MATERIAL PROVIDED ▸
________

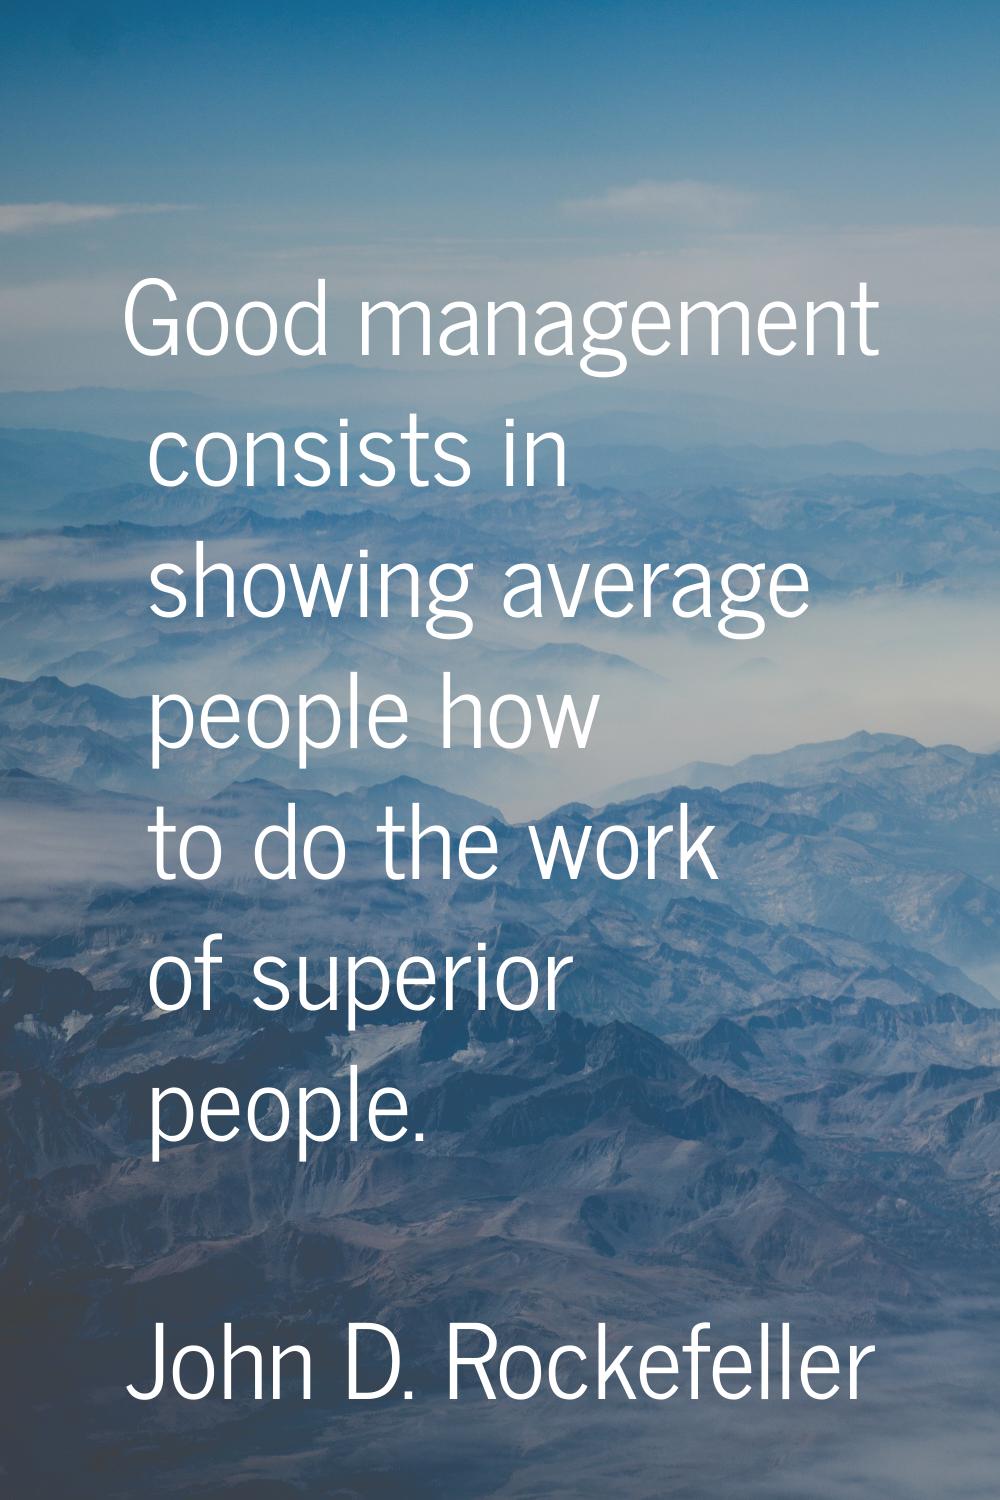 Good management consists in showing average people how to do the work of superior people.
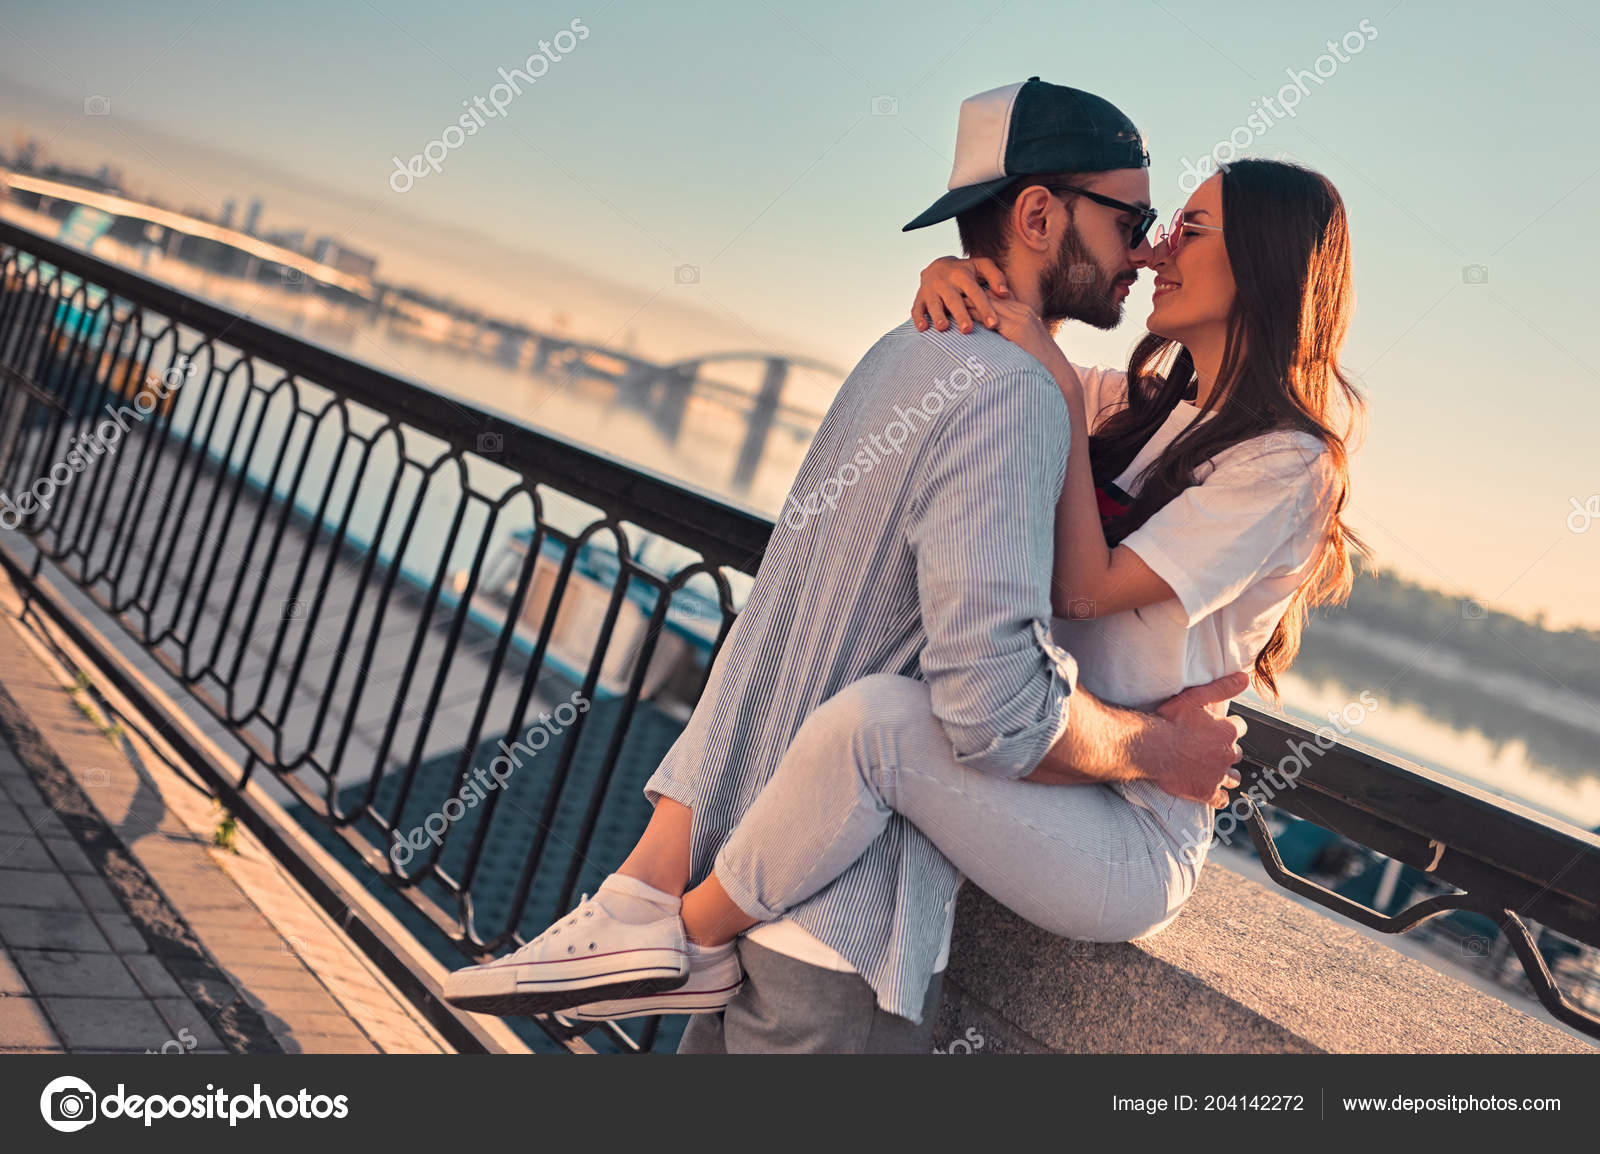 Incredible Compilation Of Over 999 Adorable Romantic Images In Stunning 4k Resolution
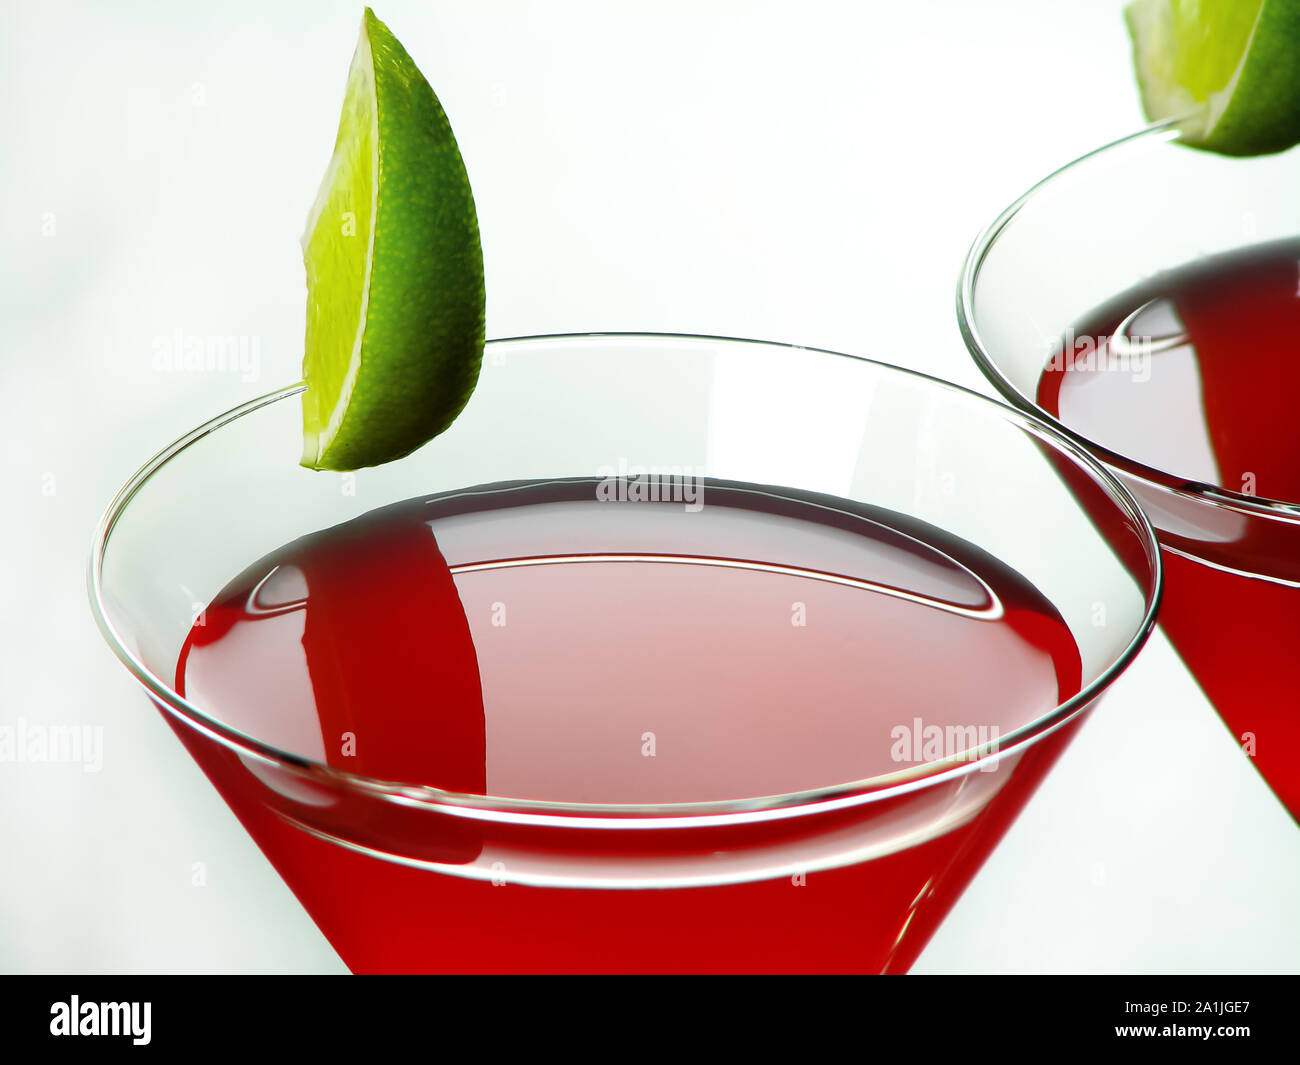 Bright red Bacardi alcoholic cocktail of white rum, lime juice and grenadine, in cocktail glasses decorated with lime slices, on a light background Stock Photo

________

WORK REQUIRED ▸ Retype each line above precisely, please. Skip anything that is a picture.

SOLUTION ▸
 Good management consists in showing average people how to do the work of superior people.
 Incredible Compilation Of Over 999 Adorable Romantic Images In Stunning 4k Resolution
 Bright red Bacardi alcoholic cocktail of white rum, lime juice and grenadine, in cocktail glasses decorated with lime slices, on a light background Stock Photo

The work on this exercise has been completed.